-- RECORD SET --
--- START ---

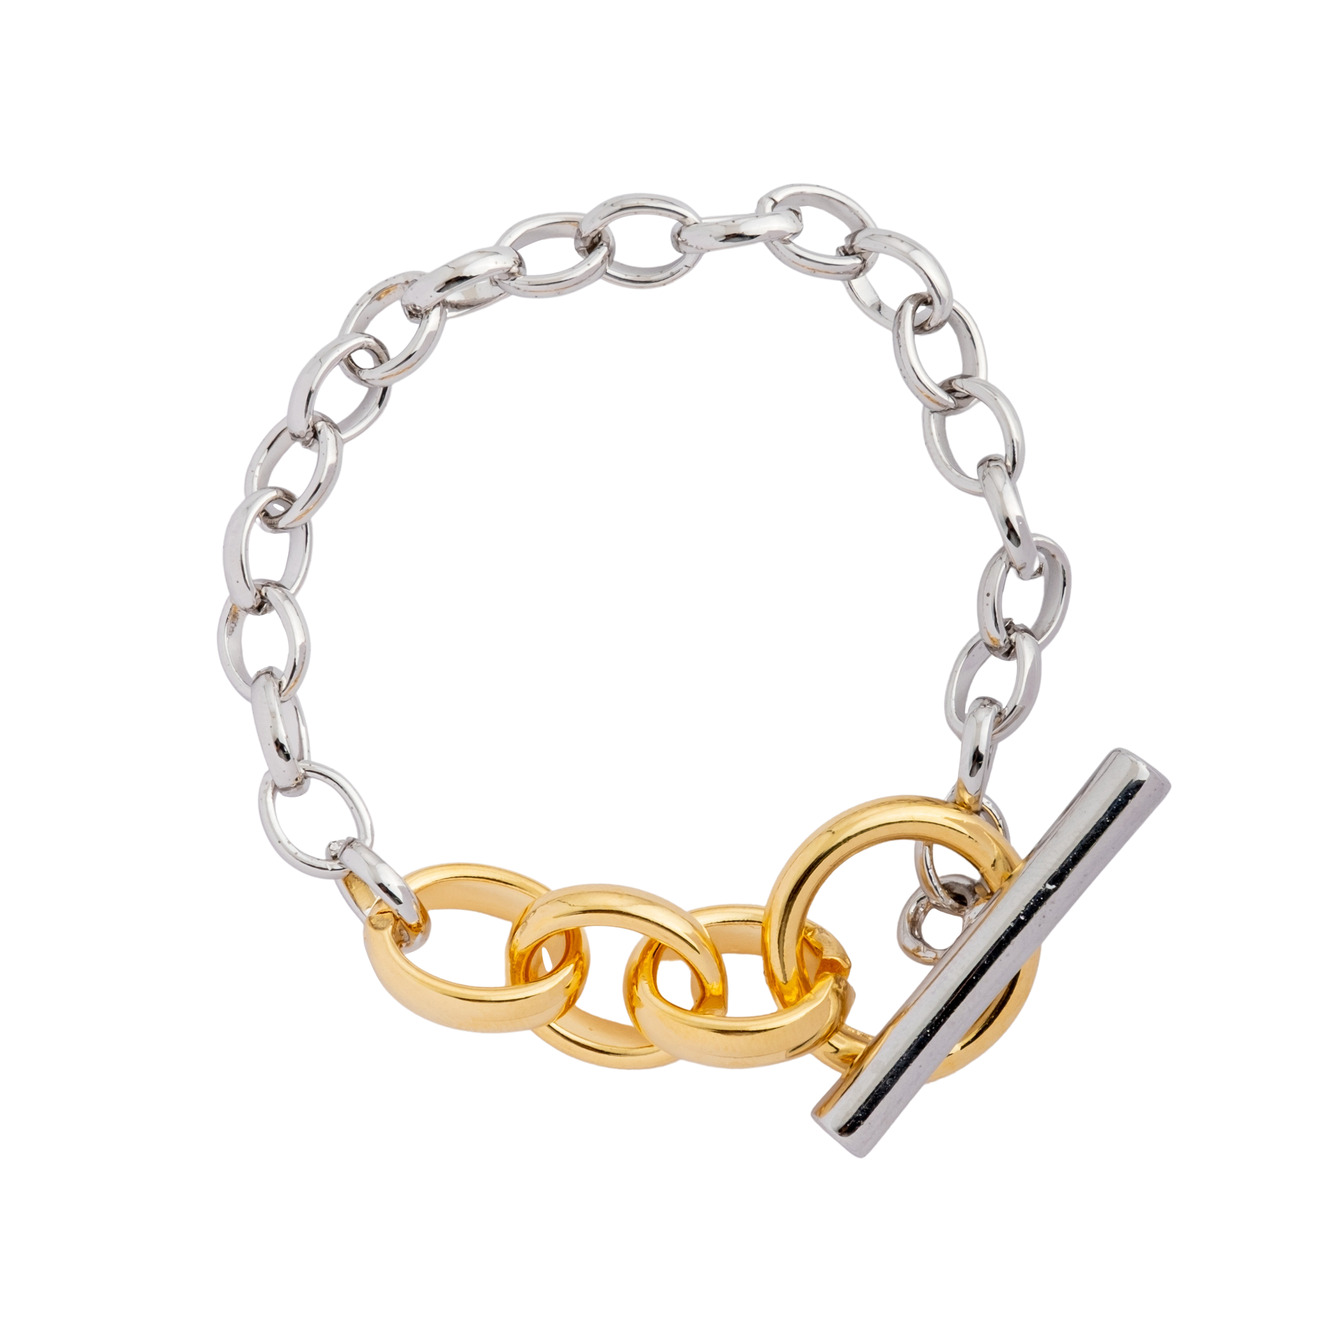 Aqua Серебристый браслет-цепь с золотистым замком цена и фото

--- END ---
--- START ---

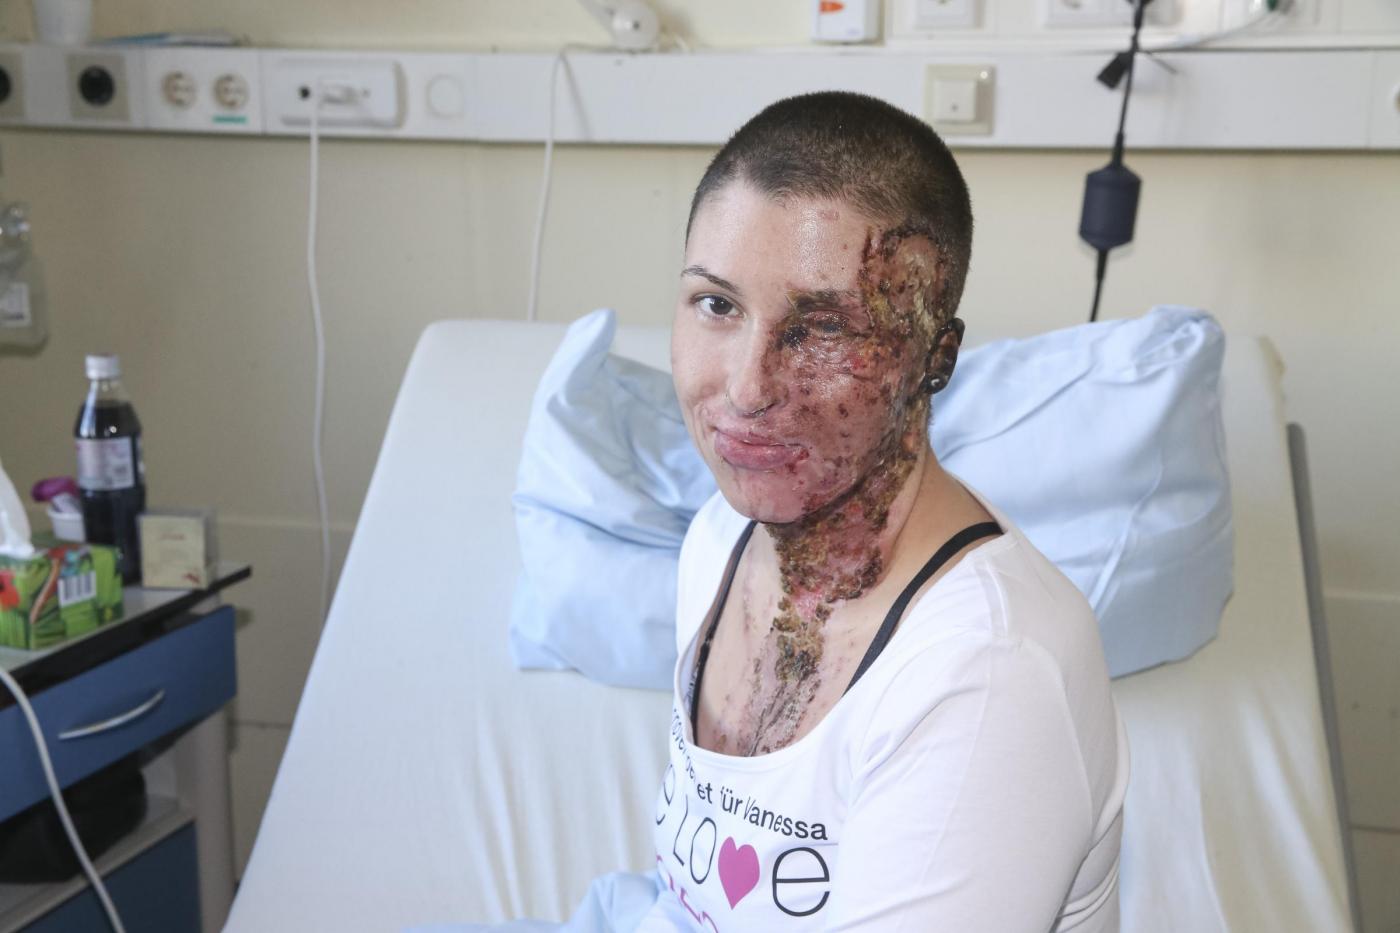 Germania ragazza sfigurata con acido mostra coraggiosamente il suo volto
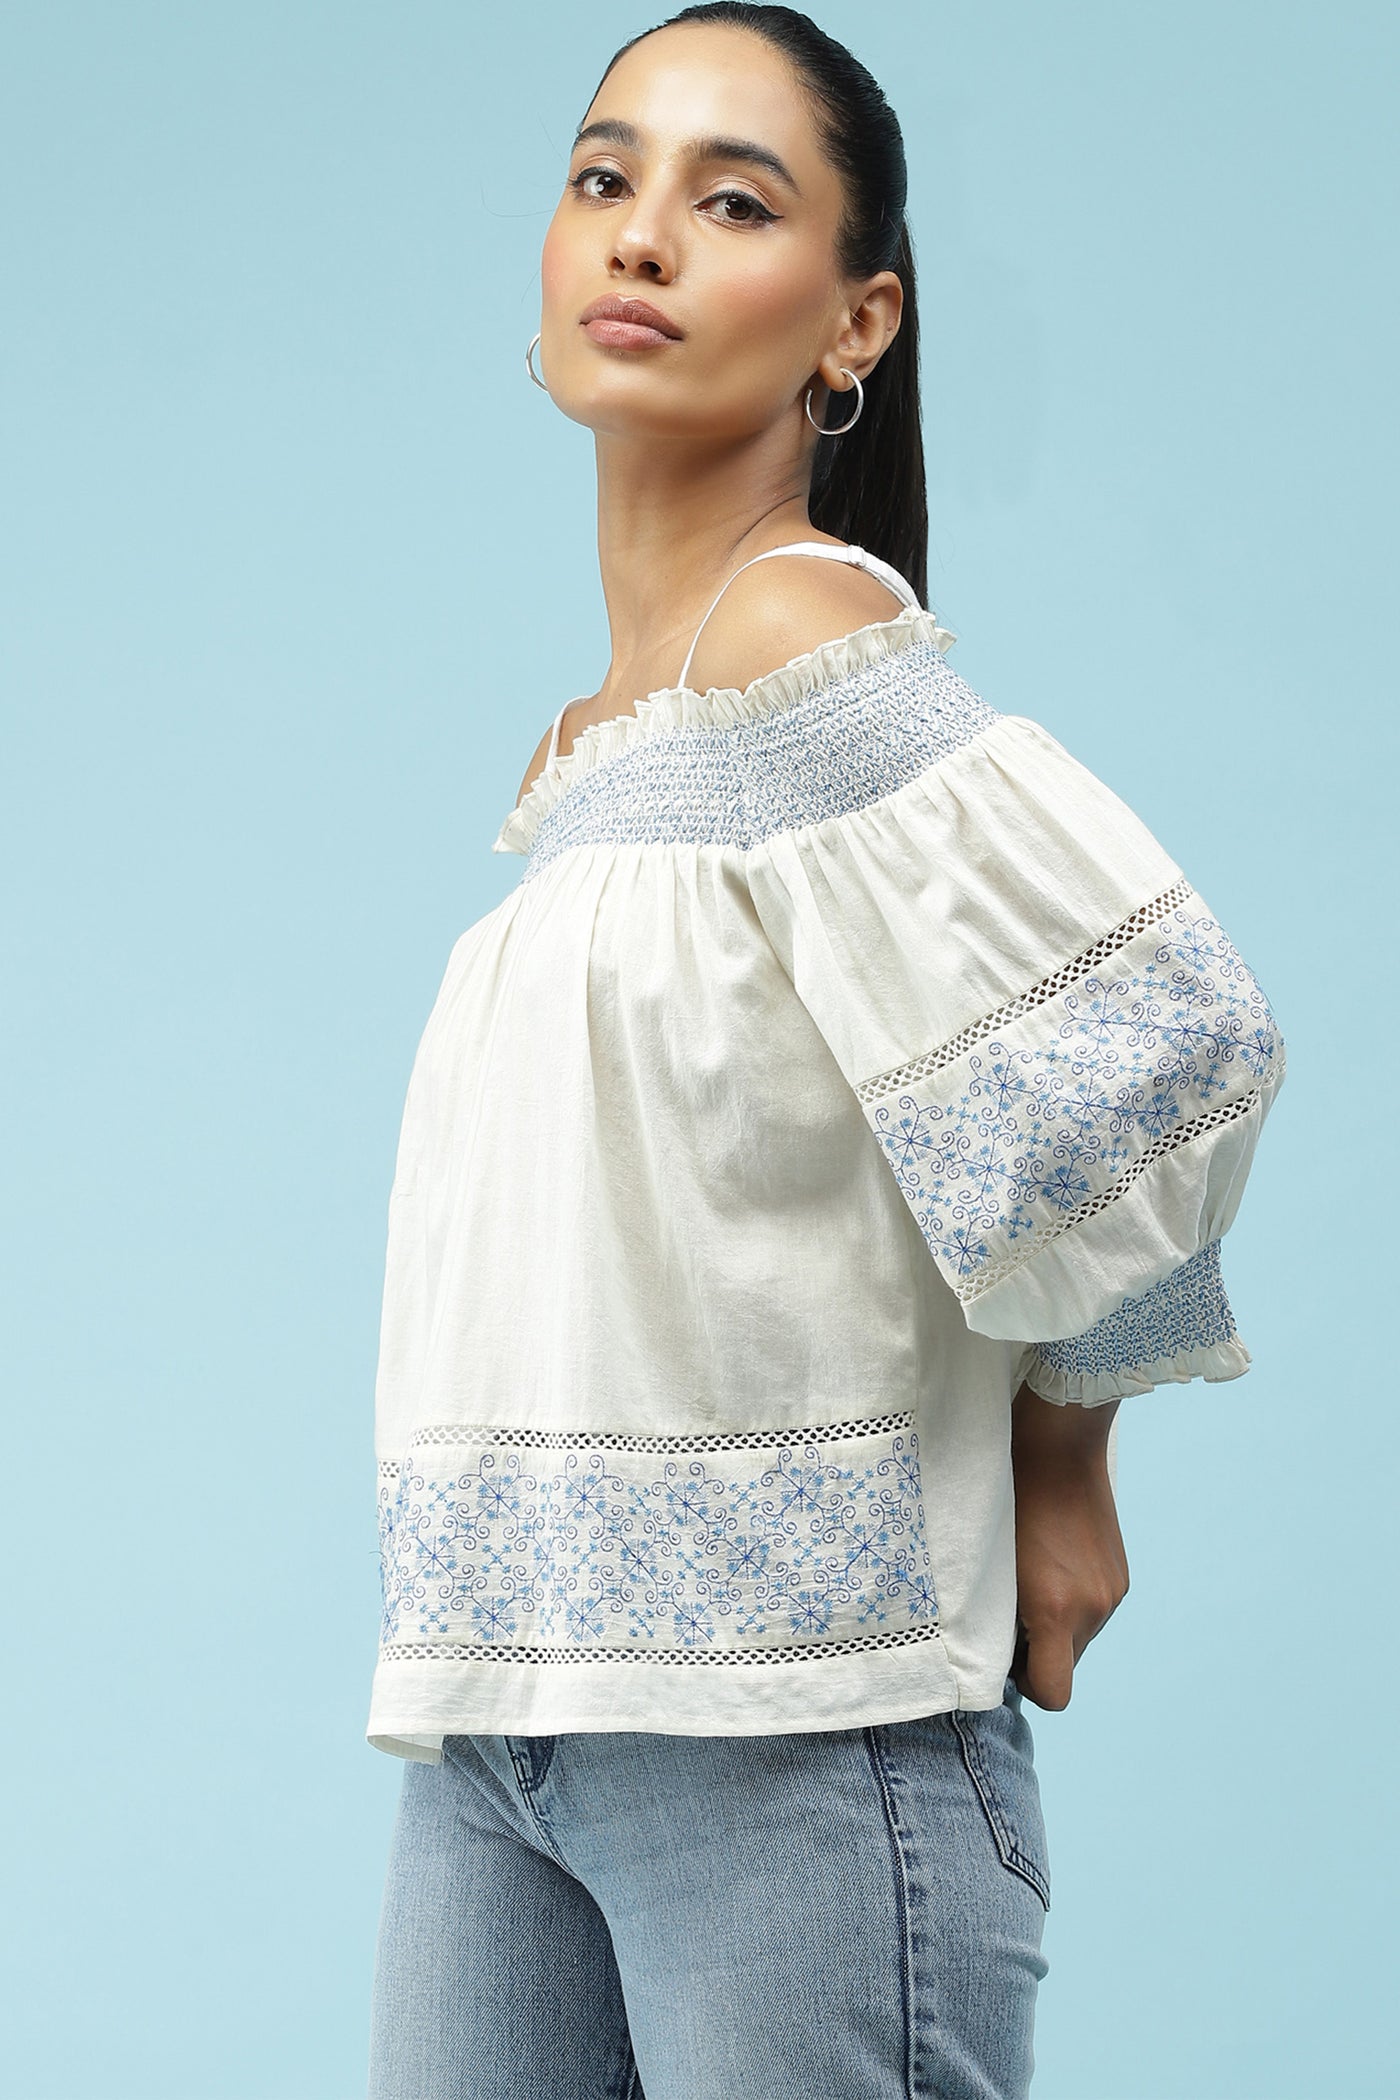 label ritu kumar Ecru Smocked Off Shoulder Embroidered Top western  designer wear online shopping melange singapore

--- END ---

-- ABOUT THIS EXERCISE --
Look above for the line with "Germania ragazza sfigurata" and the line with "label ritu kumar". Copy them and every line between, exactly, but no pictures.

-- WRITTEN RESPONSE --
 Germania ragazza sfigurata con acido mostra coraggiosamente il suo volto
 label ritu kumar Ecru Smocked Off Shoulder Embroidered Top western  designer wear online shopping melange singapore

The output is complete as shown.